Friday, 7 November 2008

Denying the present

“Time present and time past
Are both perhaps present in time future,
And time future contained in time past.
If all time is eternally present
All time is unredeemable.
What might have been is an abstraction
Remaining a perpetual possibility
Only in a world of speculation.
What might have been and what has been
Point to one end, which is always present.
Footfalls echo in the memory
Down the passage which we did not take
Towards the door we never opened
Into the rose-garden”. (…)
Excerpt from T.S. Eliot, “No. 1 of 'Four Quartets'”



I don’t remember exactly when I’ve read this poetry for the first time. I don’t purposely learn verses by heart, since I finished the primary school. But in this case, everything fit automatically into my mind.

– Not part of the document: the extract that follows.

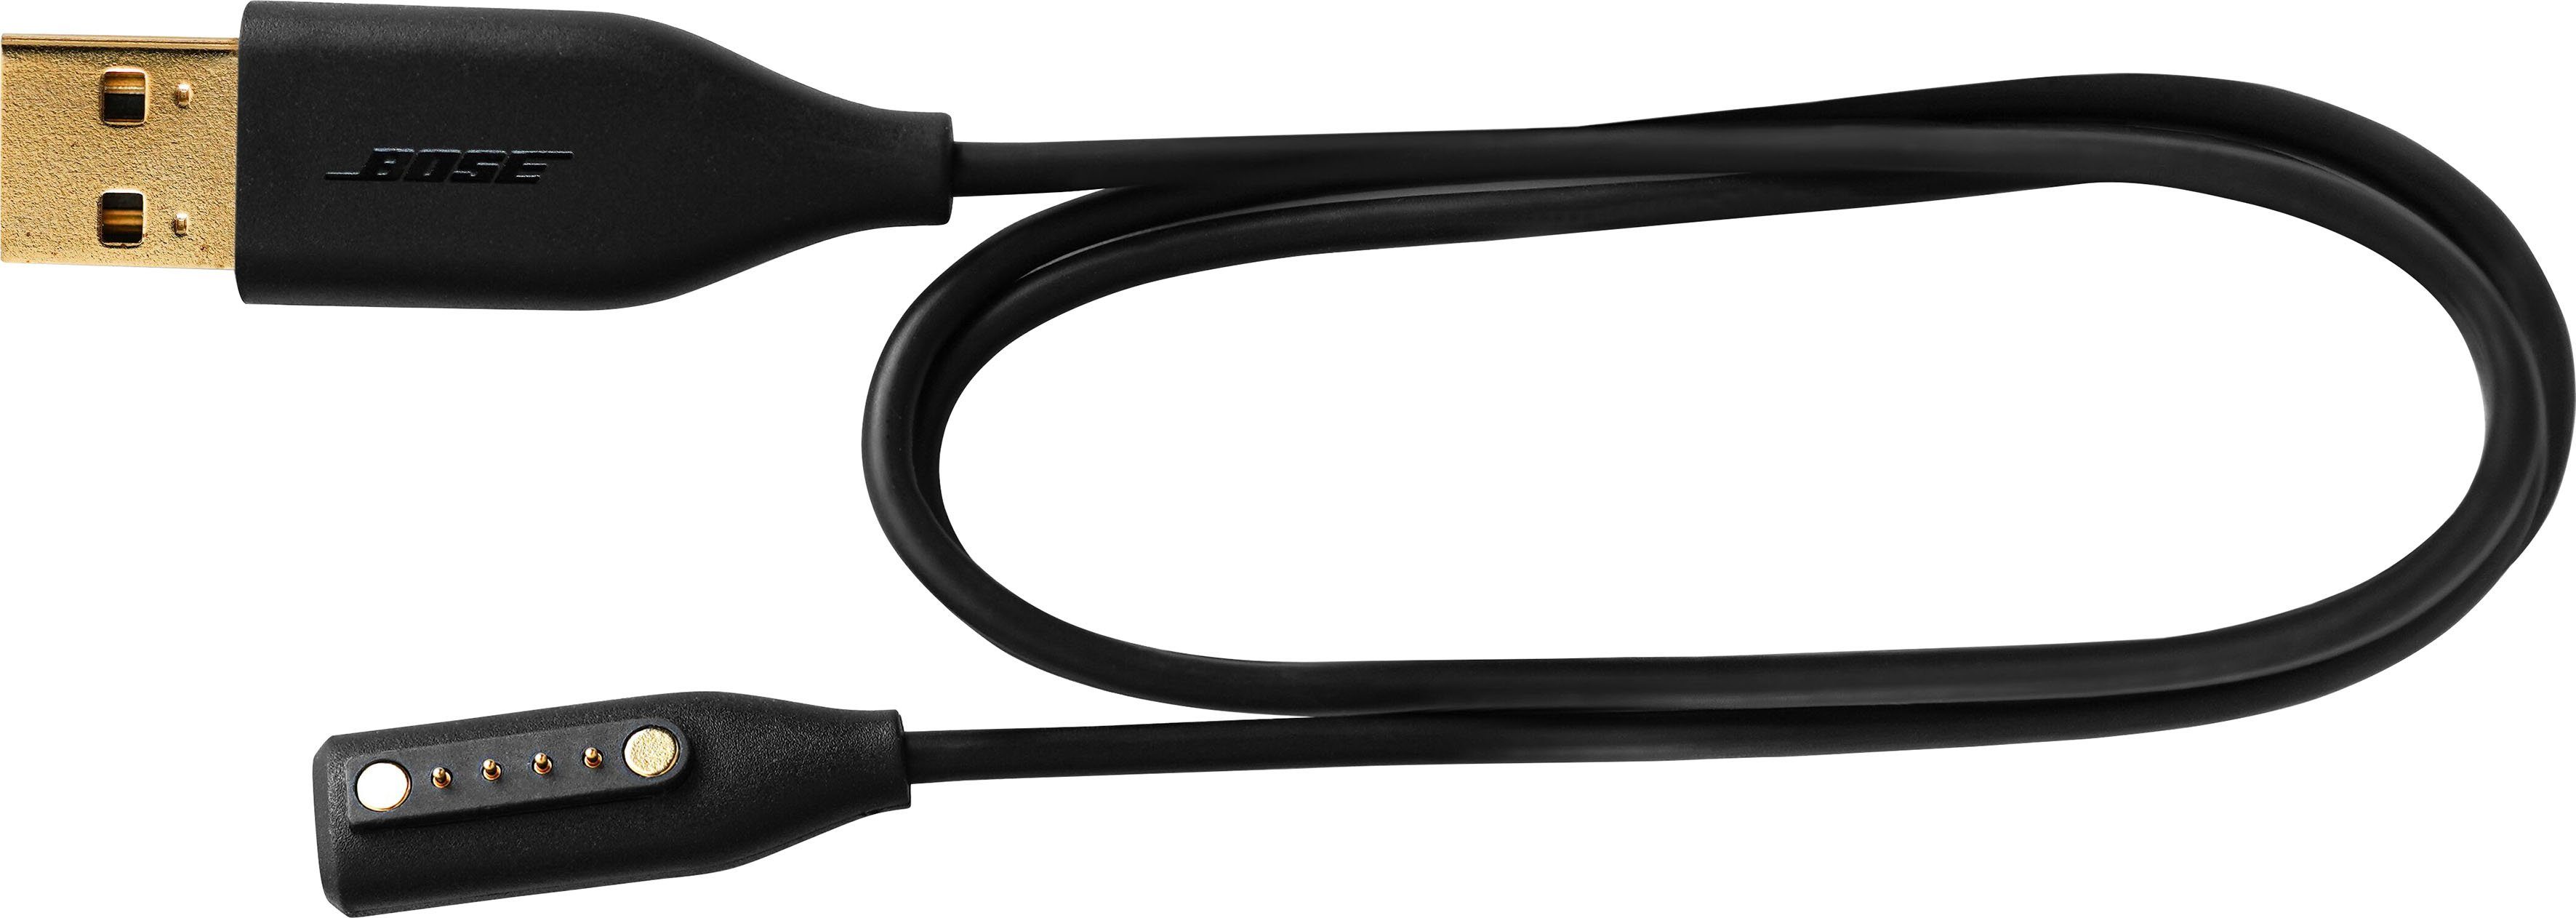 Bose Ersatz-Ladekabel für die Bose Frames Audio-Sonnenbrille Stromkabel

It sounds so natural, in a way: in fact, both present and past are reorganized and projected permanently into an unknown future, only to diminish this uncertainty. We are present, physically, but in fact we are almost all the time absent. Sometimes, I think we are fully enjoying the present while sleeping, because only then we are out of the normative time. We wake up thinking what we’ll have to do; we finish our day thinking what we’ve done. We start our lives as a plan – of the others, mainly our family; when we grow up we are able ourselves to manage our escape from the present. I haven’t yet fully evaluated the percentage, but mostly we spend our lives in an antechamber: waiting to grow up, to have our “future”, to accomplish our “dreams”, to have a family, to help our children to be themselves, to dye. Some are desperately hoping/believing in an after-life, but as the continuation of the same mechanical waiting lines.